Voilà, c'est fini. Et pourtant, c'est déjà reparti. J'ai l'impression d'avoir passé l'équivalent de deux vies à organiser tout ce bordel, mais ça y est, après une répétition générale de taille déjà conséquente, l'un des plus gros (le plus gros, peut-être ? ) tournoi de l'histoire de ce forum est dans les starting blocks, comme disent les mecs trop idiots pour comprendre les règles du Blood Bowl. Et pensez-vous qu'on aurait le droit à un merci de la part des instances dirigeantes du journal pour tant d'efforts ? Une marque de reconnaissance de la part des gestionnaires d'une communauté pour laquelle on sue sang et eau afin de lui offrir des jeux où l'on se met des pains, tout ça pour réduire les taux de consommation d'opium parmi les canards désœuvrés ? Non, évidemment, ces gens là sont trop occupés avec leur « vrai métier », ils n'ont « pas le temps tout de suite, là y a bouclage et après on va boire un coup ». Sauf Ivan. Lui il est sympa, il relaie mes articles sur Twitter. C'est le seul à mériter un bisou.
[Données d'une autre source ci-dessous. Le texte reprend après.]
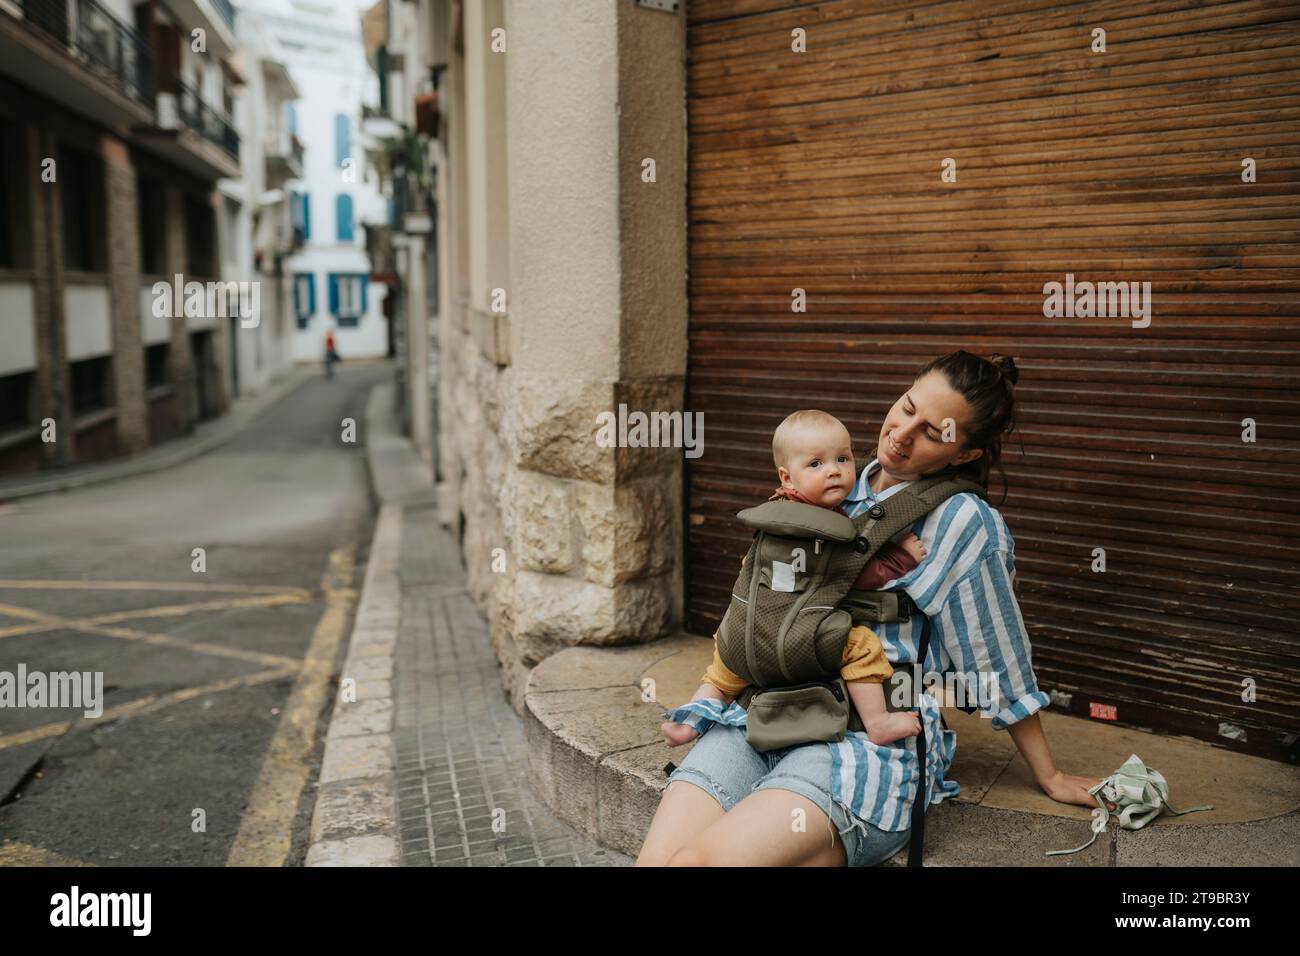 Mother with baby sitting on street Stock Photo

Lire la suite sur le site.

----------


## CHbox

Coach du mois  ::lol::  Je savais que ce site web m'apporterait gloire et beauté  :Cigare:

----------


## Grouiiik

Roooooh  ::love::

----------


## Lawthrall

J'avais pas lu, encore un bel article, j'aime!  :;):

----------


## CryZy

Awé, j'avais point vu non plus, faudrait relayer sur le topic dédié, d'autant plus que j'ai eu mon quart d'heure de gloire  :Cigare:

----------


## jeanrun

Pardonnez le derangement est ce que quelqu'un peut me faire passer sur mumble ? ca va faire depuis ce matin que je suis co dessus ^^

----------